* Your task: Word for word, give the data again without its pictures.

* Data block:
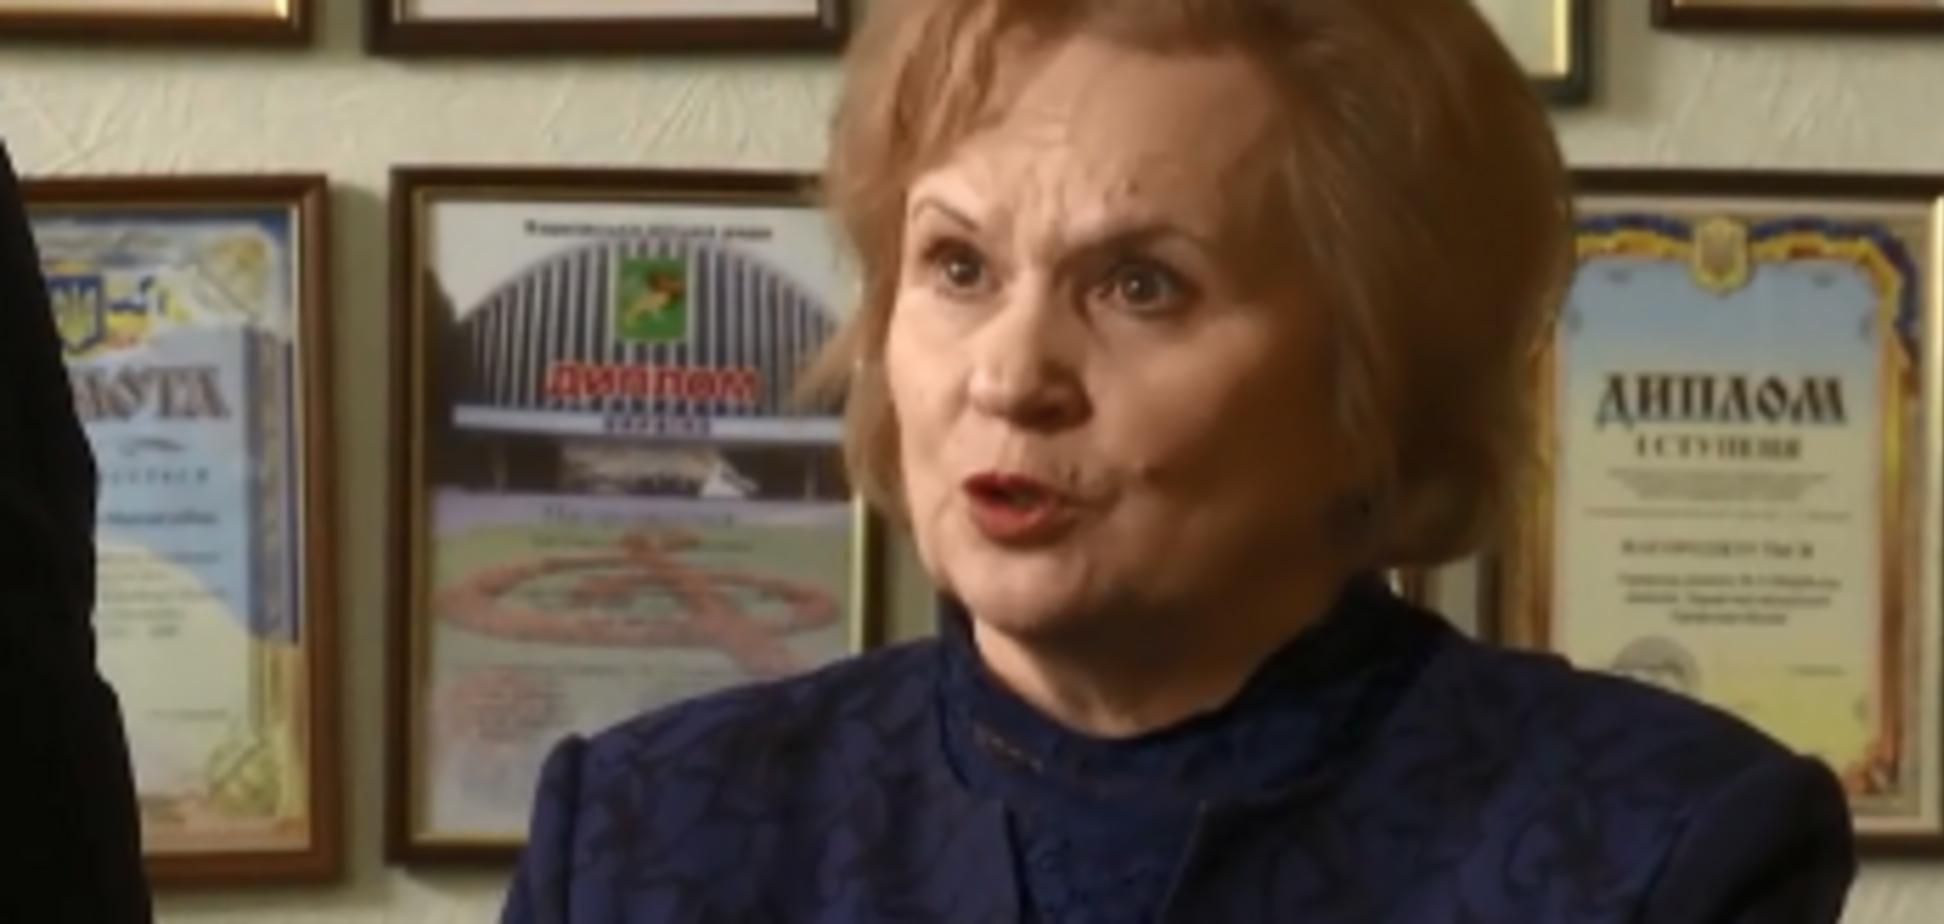 'Свинота такая': в Харькове учитель украинского языка попала в скандал с детьми
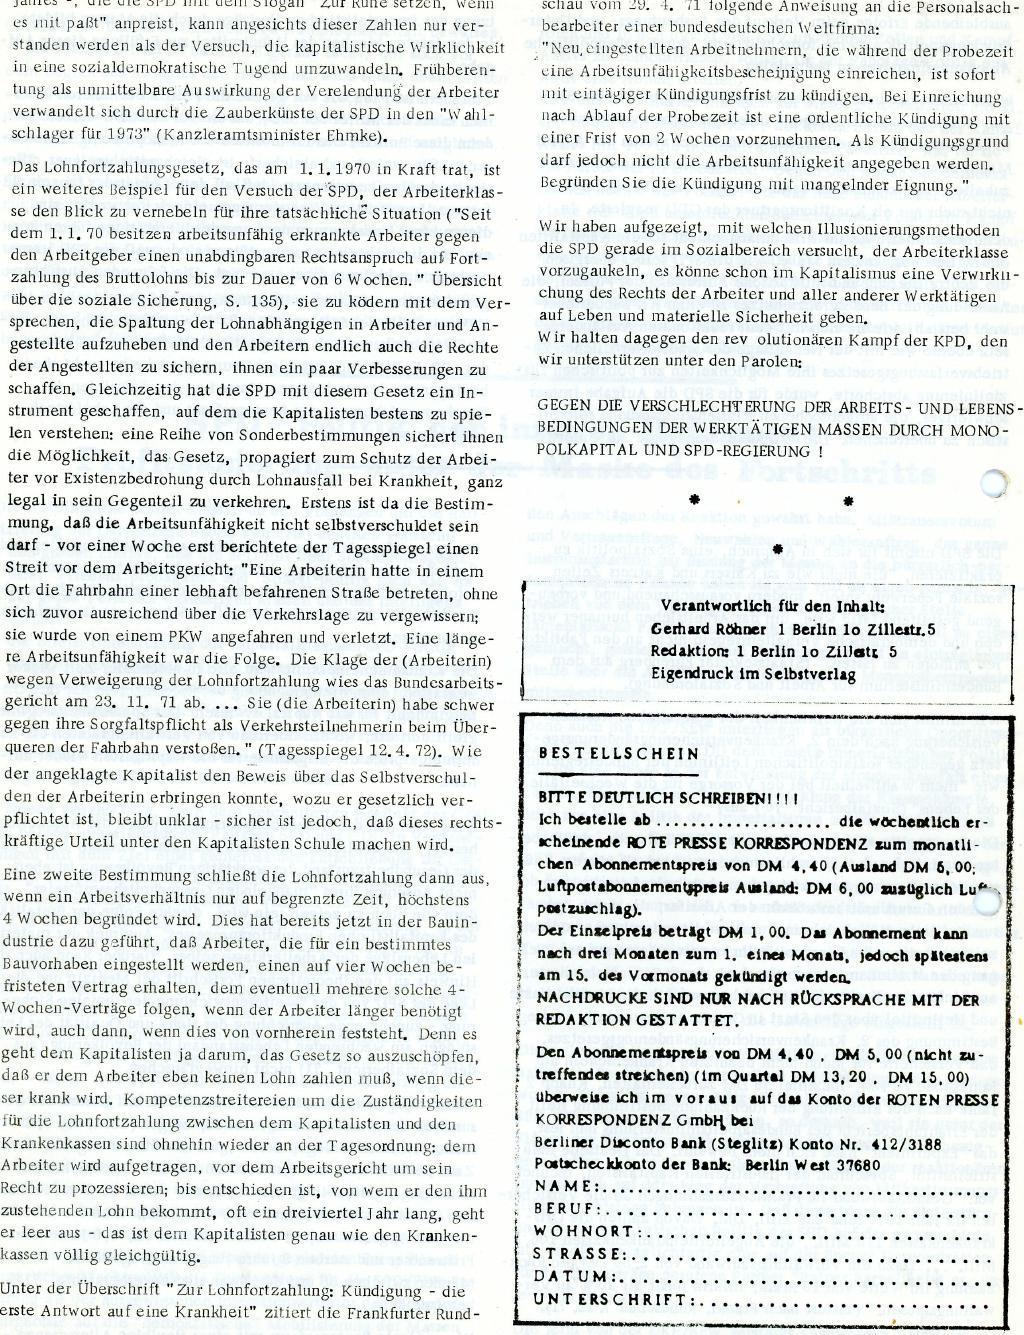 RPK_1972_166_12
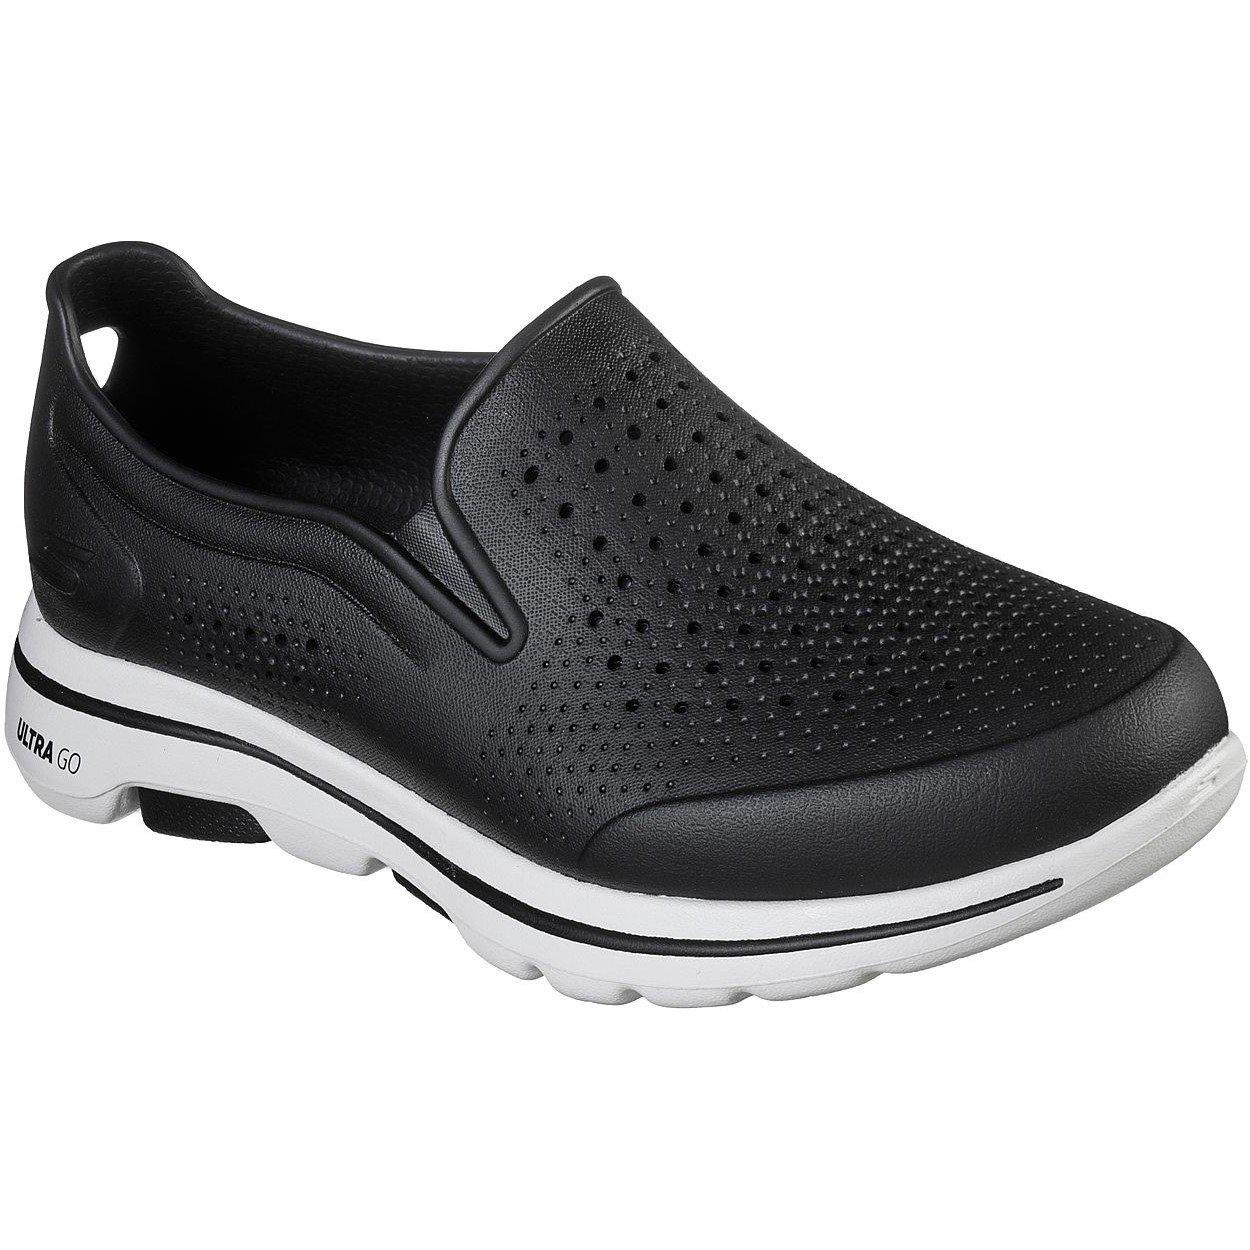 Skechers Men's Go Walk 5 Easy Going Slip On Trainer Multicolor 32391 - Black/White 10
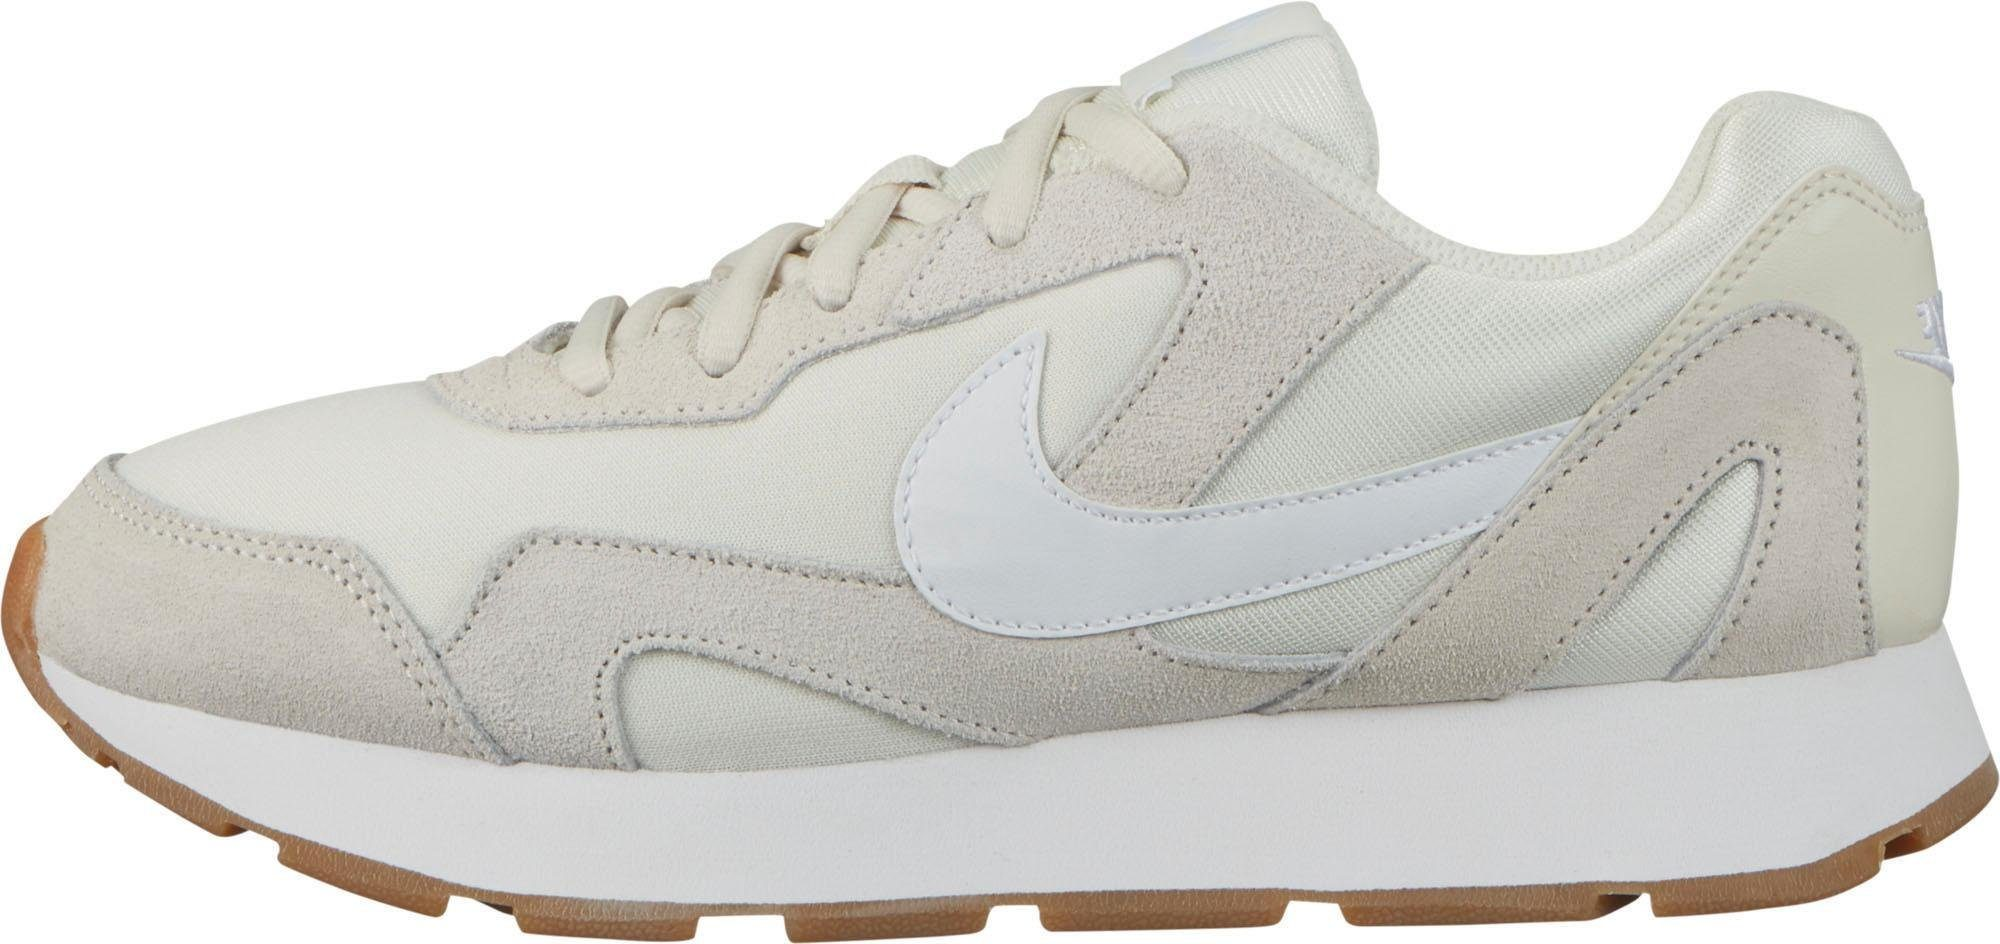 Nike Sportswear »Wmns Delfine« Sneaker kaufen | OTTO

* Solution to this problem:
 'Свинота такая': в Харькове учитель украинского языка попала в скандал с детьми
 RPK_1972_166_12
 Skechers Men's Go Walk 5 Easy Going Slip On Trainer Multicolor 32391 - Black/White 10
 Nike Sportswear »Wmns Delfine« Sneaker kaufen | OTTO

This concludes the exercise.